Prima di parlare del gruppo, è necessario che faccia una precisazione: se i gruppi di cui ho parlato fossero in una classifica ordinale, i Coldplay occuperebbero una delle ultime posizioni; questo non significa che non mi piacciano, altrimenti non li avrei messi, ma se uno sta a guardare le vendite o, molto peggio, le recensioni della stampa musicale britannica (sempre loro…), sembrerebbe che ci troviamo davanti ad un totem della musica; questo, francamente, mi sembra un po’esagerato.
Comunque, all’inizio del nuovo millennio, quel britpop che tanto era riuscito a rivalutare la scena musicale britannica, aveva bisogno di una fisiologica rinfrescata; quello che accadde è che si formarono due filoni, tra l’altro neanche troppo distanti da loro: nel primo si decise di accelerare leggermente quello che ormai era diventato il “british sound”, nel secondo si “rabbuonì” leggermente il tutto; i Coldplay appartengono a questo secondo filone.

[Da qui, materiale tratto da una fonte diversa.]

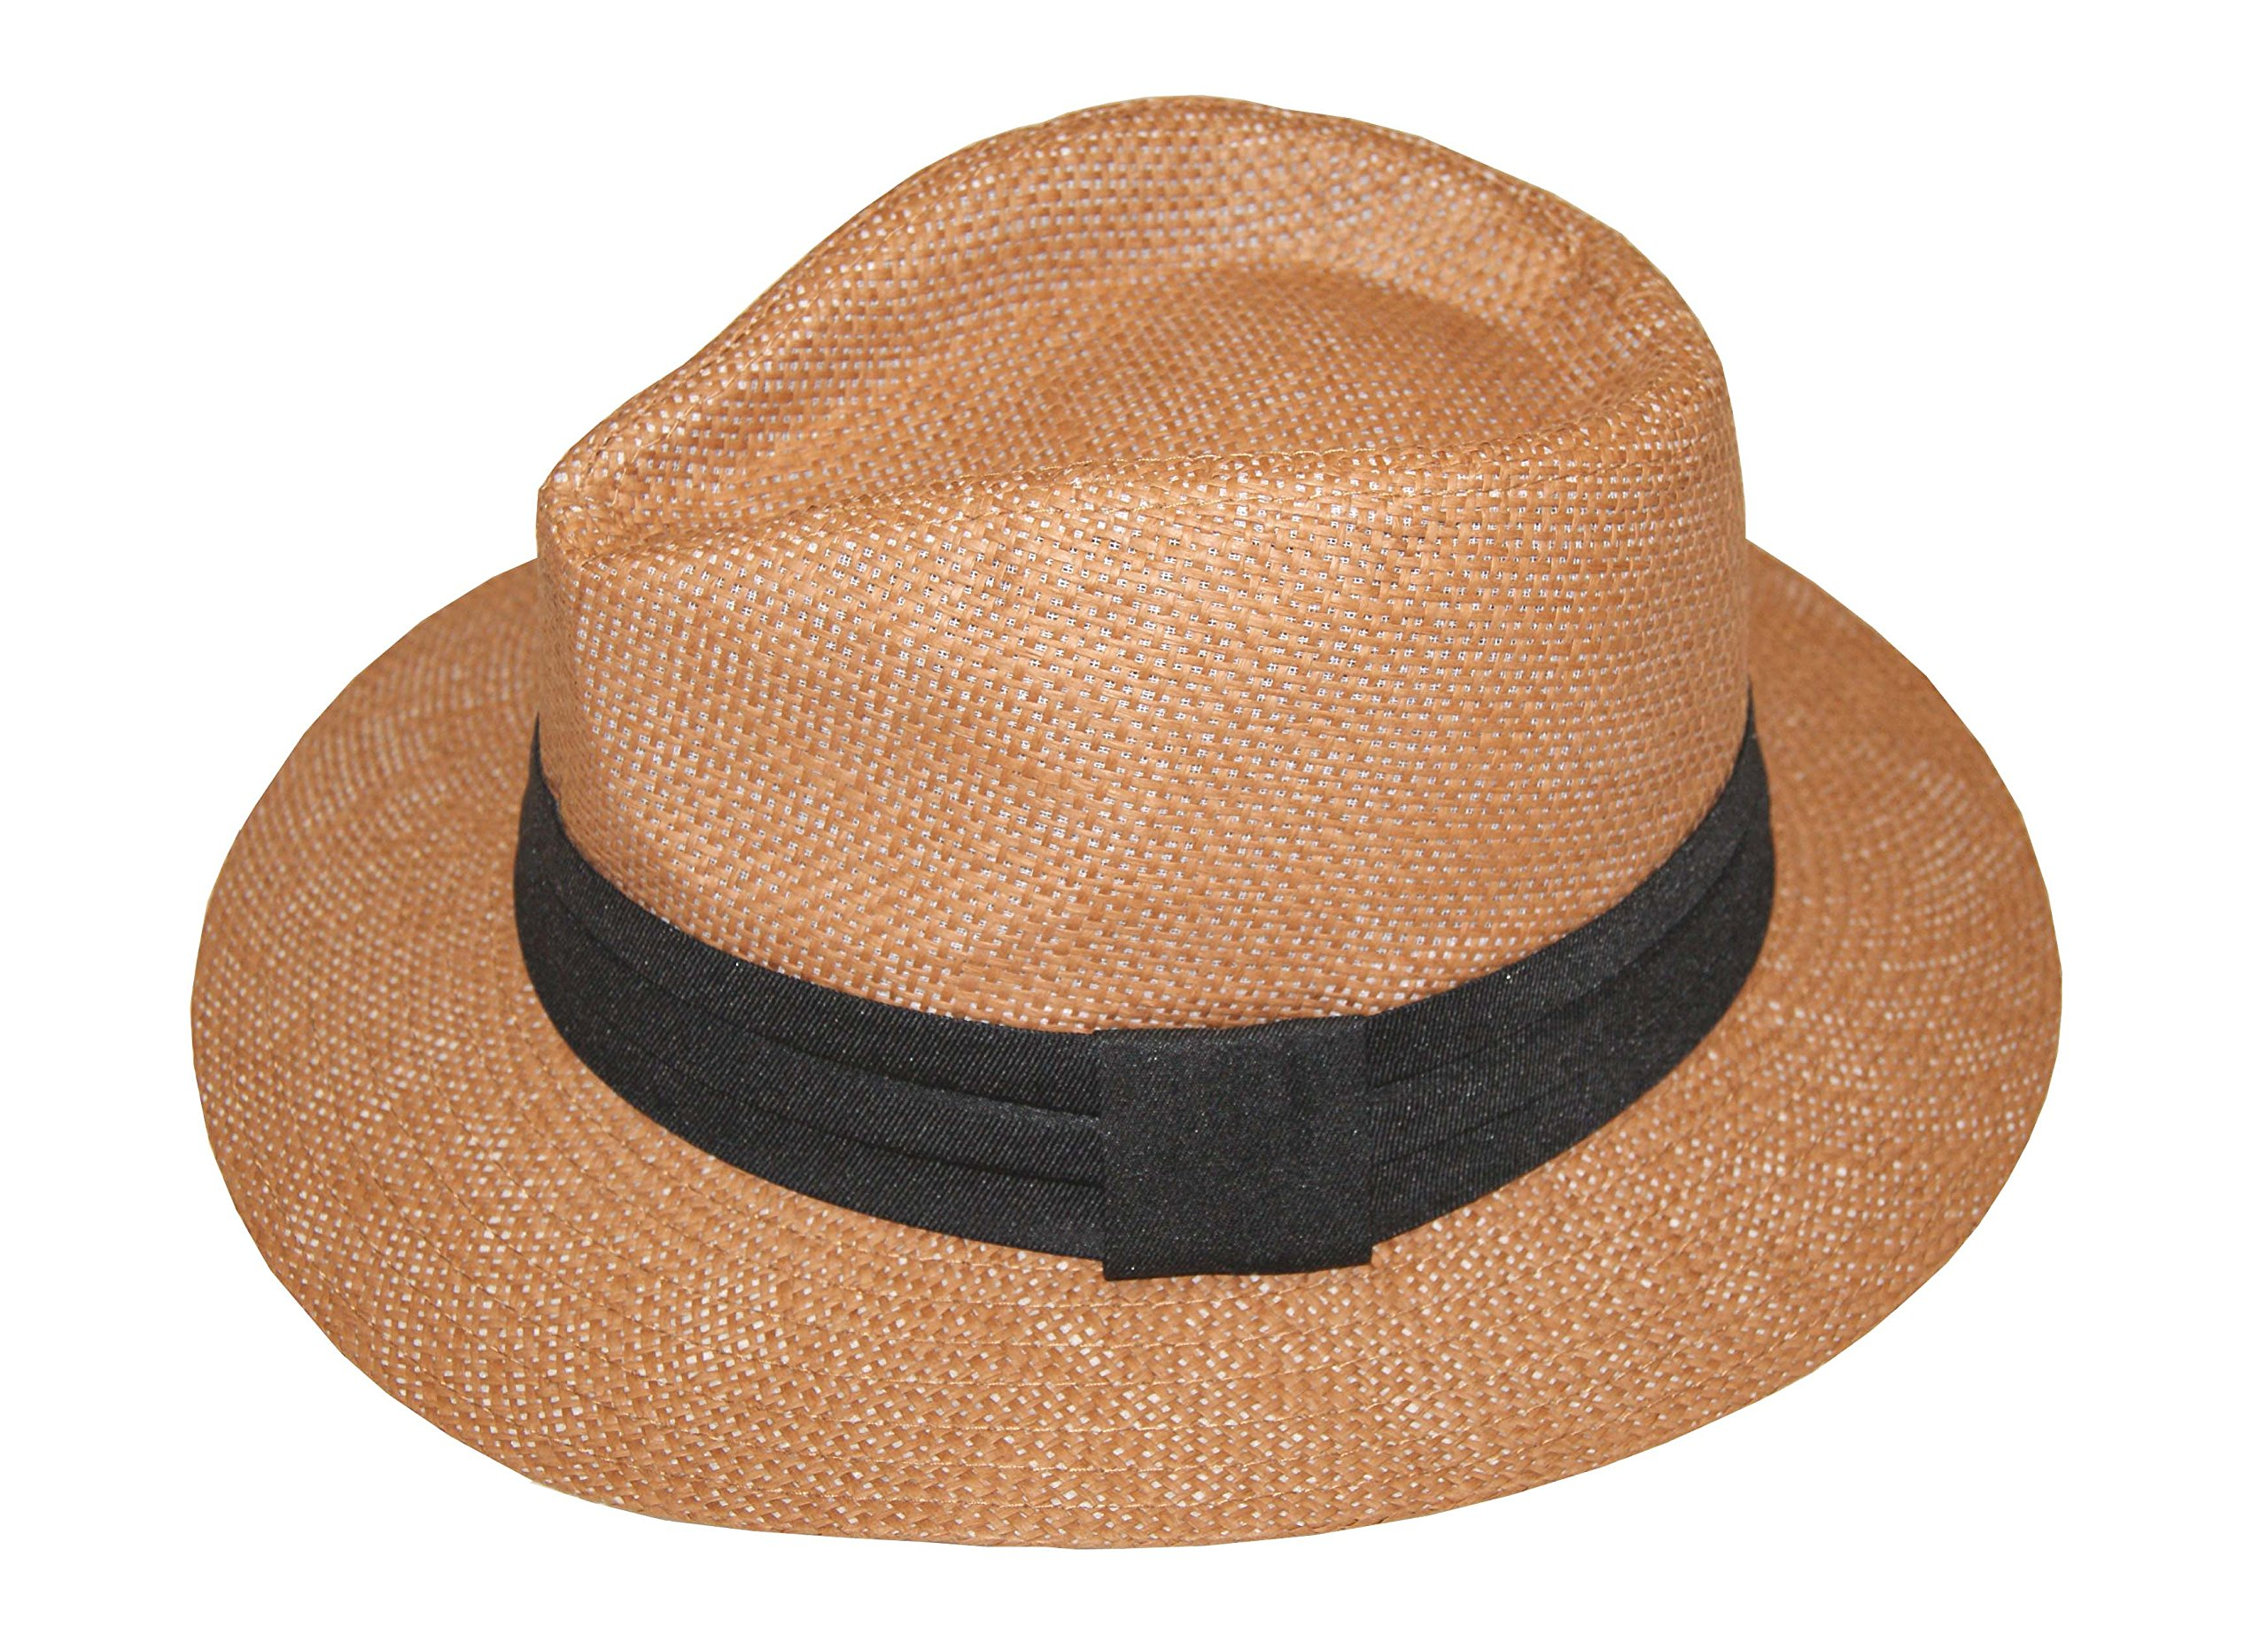 Lady's Fashion Summer Golf Sun Hat Panama Cap - Brand New (Brown, 57cm)

L’album di esordio, “Parachutes” si fa subito notare per la presenza di suoni molto introspettivi e riflessivi; l’aggressività tipica del rock è stata pressoché cancellata. Il disco è un contenitore di singoli di successo, adattati come manifesto della Gran Bretagna del nuovo millennio.
“A Rush of Blood to the Head” è l’album che segue: sembra essere stato scritto nello stesso momento dell’esordio; le linee guida sono assolutamente identiche, ed anche qui i singoli di successo si sprecano.
Venendo ai giorni nostri, i Coldplay ora sembrano iniziare a prediligere un suono leggermente più imbastardito dai canoni pop-rock moderni, come nel loro “Viva la Vida” del 2008, che considero il loro disco meglio riuscito. La band è in un momento in cui tutto quello che tocca diventa oro, e sembra aver trovato una formula magica grazie alla quale questo successo sarà duraturo.